How to Become a Pediatric Dental AssistantJob Descriptions November 6, 2012
A Pediatric Dental Assistant (PDA) is a professional who assists dentists in working with children as patients. In other words, the assistant works to improve the efficiency of a pediatric dentist in their treatment of children and related work. At times, a PDA may be required to do administrative work in the dentist’s office. To be eligible to do the work of a dental assistant, a high-school diploma is usually called for; in addition, a certificate is required. Such certification is awarded to an individual who pass a Certified Dental Assistant (CDA) training program that carries the American Dental Association (the ADA) accreditation. Licensing or registration is mandatory in certain states.

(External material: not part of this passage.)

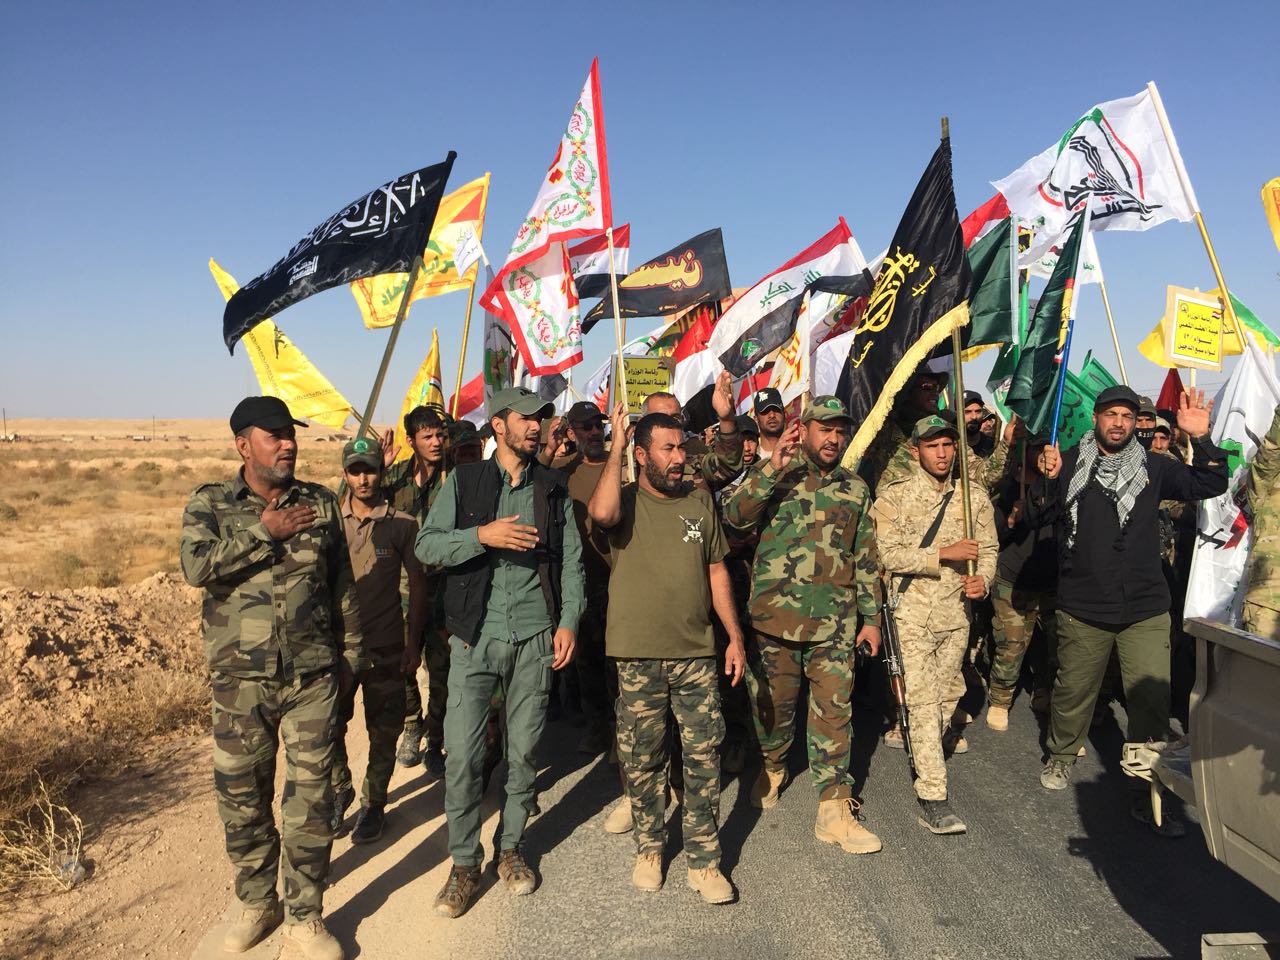 العراق: ميليشيا تلد أخرى و"حزب الله" المايسترو
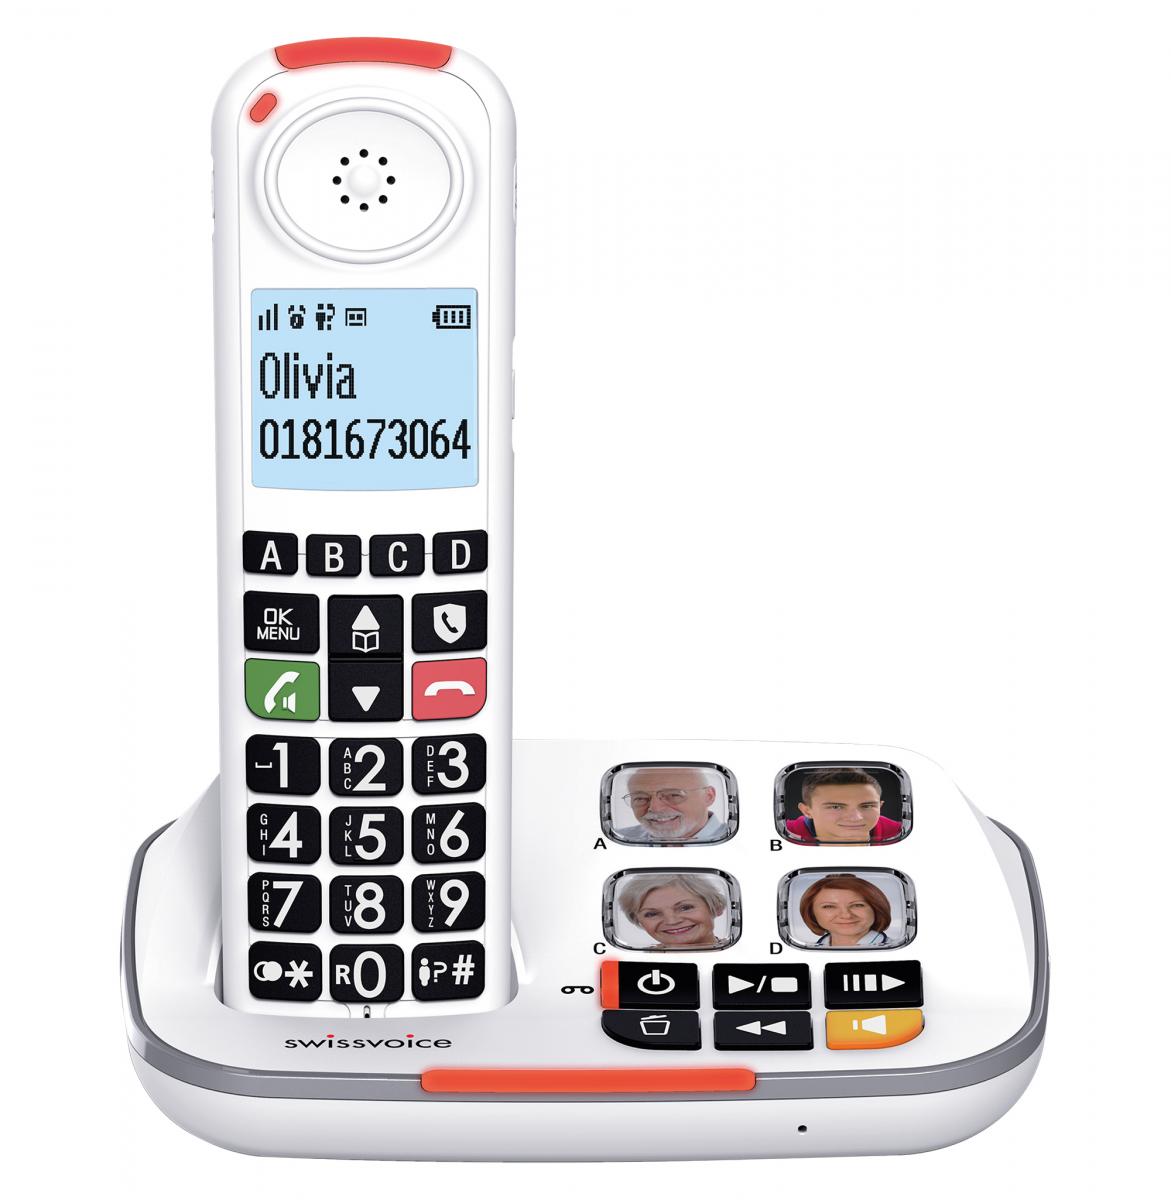 Imagen del conjunto Swissvoice Xtra 2355, el teléfono inalámbrico apoyado en la estación base

Duties of a Pediatric Dental Assistant
The actual duties of a PDA can vary from state to state as defined by the rules and regulations, the individual’s primary responsibility is to tend to young patient in order to ensure their comfort. The assistant is responsible for administrative duties at a dentist’s office; their duties include ensuring dental tools are sterilized and set up, the examination room is cleaned while rendering assistance in various dental processes. In some states, the assistant is expected to apply fluoride treatments, take x-rays and advise patients about taking care of appliances that facilitate orthodontic treatment.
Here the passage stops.